Они были чудесные — эти Царевы, честные, работящие, добрые и совершенно обыкновенные. Таких Царевых были миллионы, и они были лучшим из всего, что удалось сделать советской власти за все годы своего существования, все остальное, включая ракеты, станки и балет, ломалось, устаревало морально, разваливалось на части, не оправдывало возложенных ожиданий, а люди оставались все такими же — людьми. Когда грянула наконец перестройка, Царевы радовались, как все, как дети, прыгающие у двери, за которой праздник и елка, они, словно наркоши на игле, сидели на «Огоньке» Коротича, таскались по митингам и баррикадам, голосовали, молились на Ельцина, рукоплескали Сахарову и даже вечером, ложась спать и прижавшись друг к другу, подолгу страстным шепотом диспутировали о том, что вот завтра, уже завтра…

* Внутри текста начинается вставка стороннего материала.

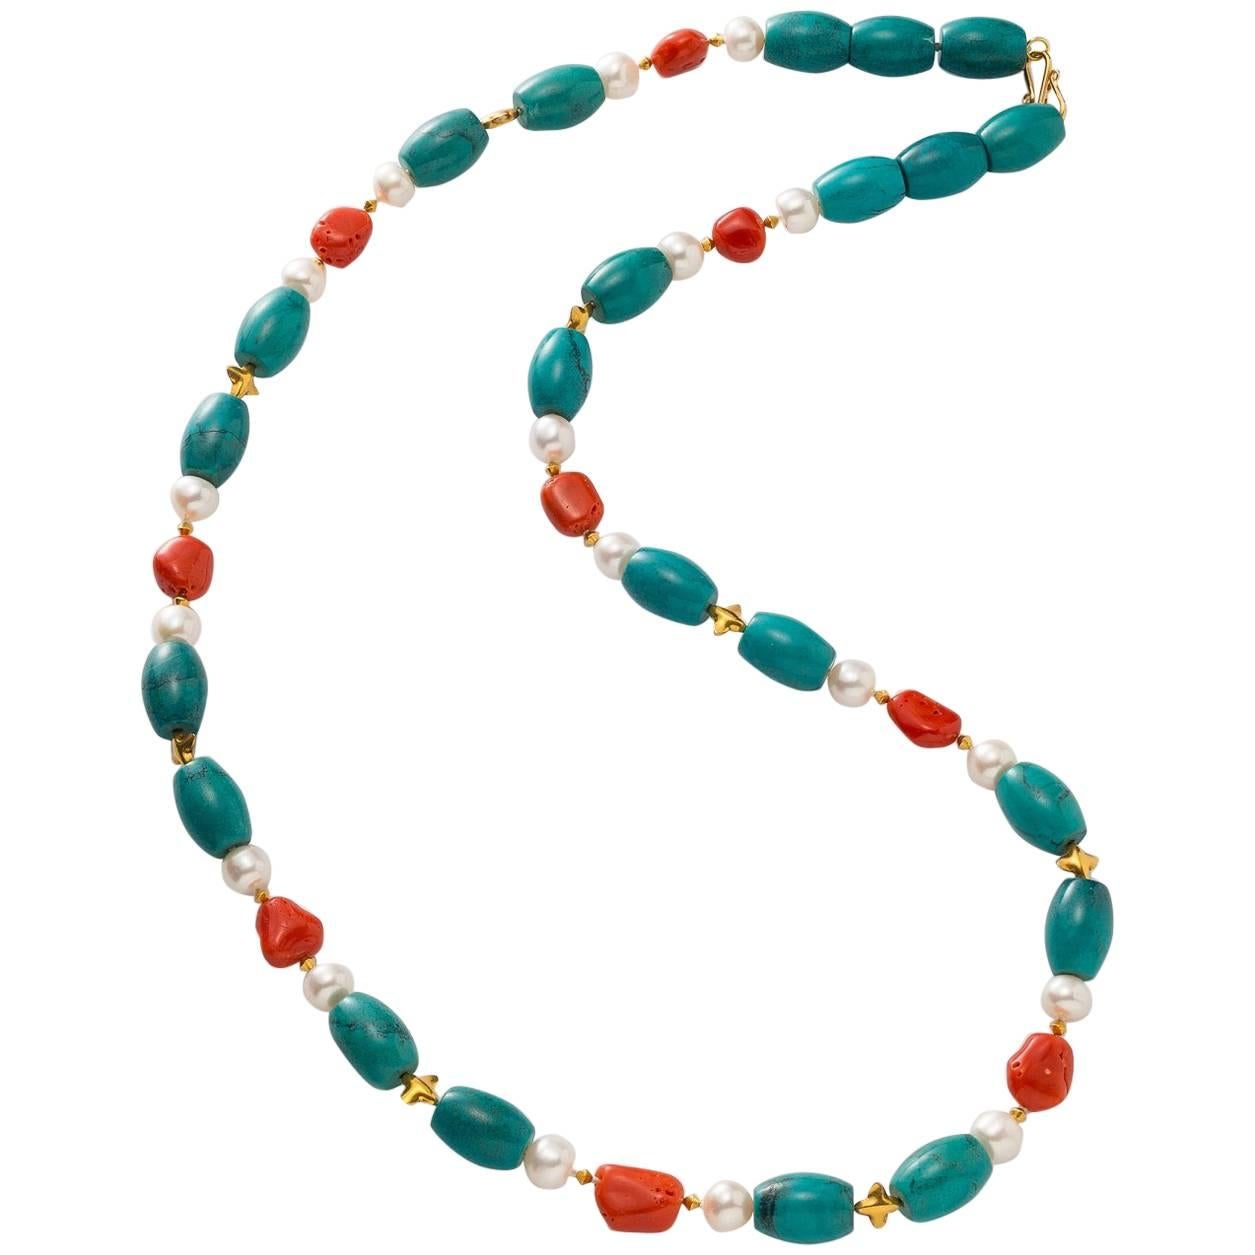 Necklace with Turquoise, Coral Pebbles, Freshwater Pearls & 18K Gold 
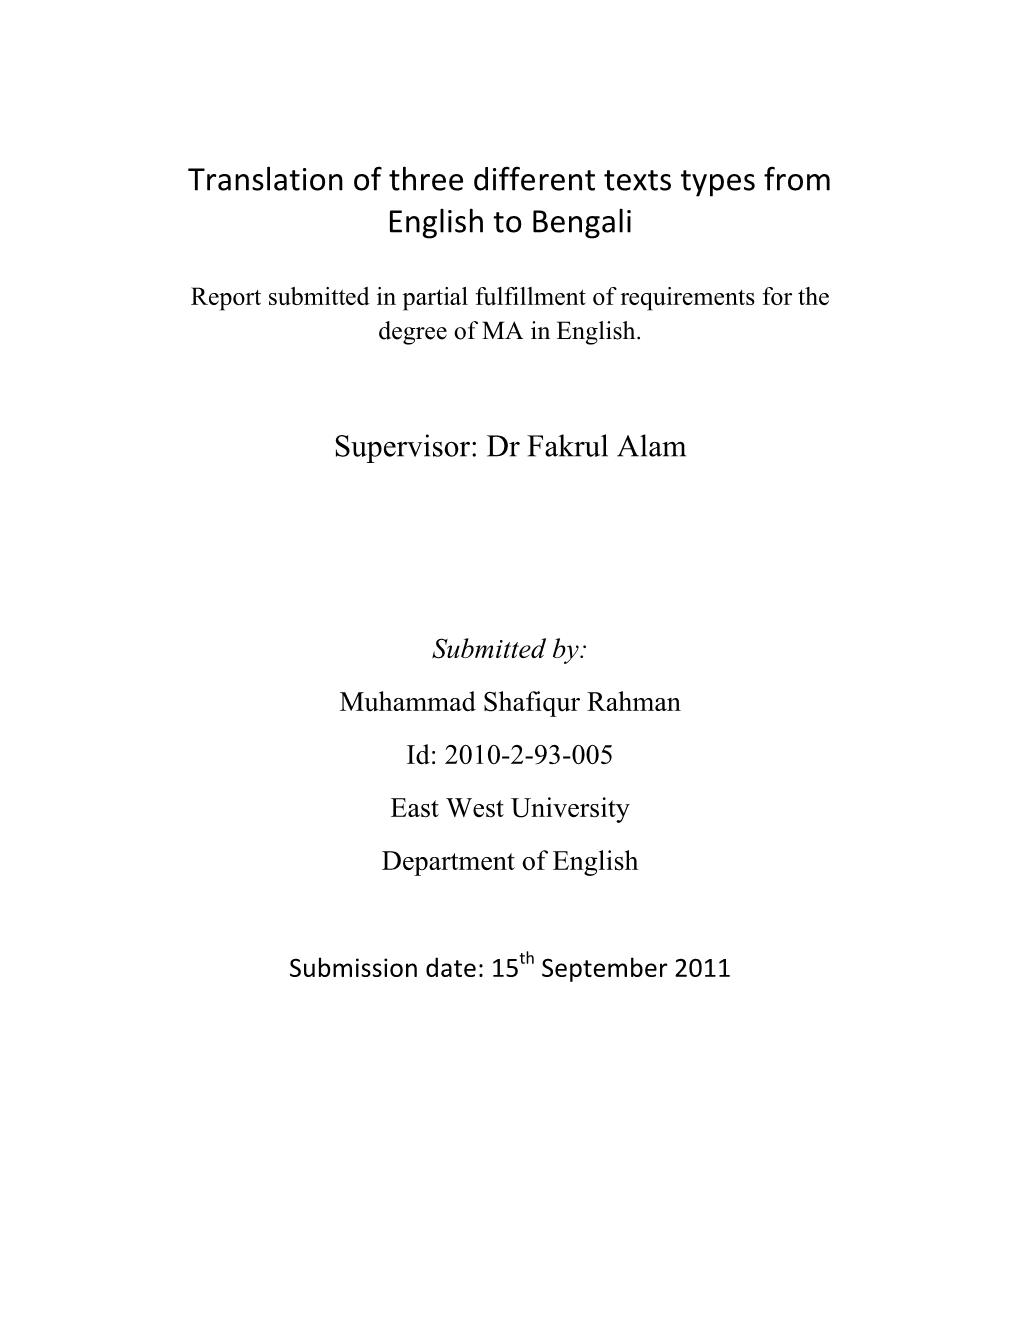 Translation of Three Different Texts Types from English to Bengali

Назавтра оказалось, что советская власть, которую Царевы так неистово хотели изменить, была единственной по-настоящему счастливой и стабильной вещью в их жизни. Безмятежное детство и бесплатное образование, синяя кварцевая лампа в новенькой поликлинике и кино про Чапаева на утреннем сеансе. Стройотрядовские песни, пирожные за двадцать две копейки и портвейн за два двадцать (пустую бутылку можно было сдать за 17 копеек!), аванс и получка, тринадцатая зарплата, вера в равенство и братство, шелковым ковром разворачивающаяся впереди счастливая жизнь, полная замечательных вех и привычных ритуалов, без которых и невозможно никакое человеческое счастье. Демонстрация на Первое мая, от которой все отлынивали, но после которой так дивно пилось и елось у кого-нибудь в шумных гостях, поход к Вечному огню — на Девятое, Парад Победы, вечером по телевизору — Кобзон и концерт, прекрасно сочетающиеся с «битлами» и «роллингами», живущими в магнитофоне, подпольный «Раковый корпус» и макулатурный Дрюон, добытые с равными усилиями и с равным удовольствием прочитанные. Сильная армия, добрая милиция, холодные руки, горячее сердце, трезвая голова. Жаль, что все это рухнуло. Жаль, что мы никогда, никогда больше не будем молодыми.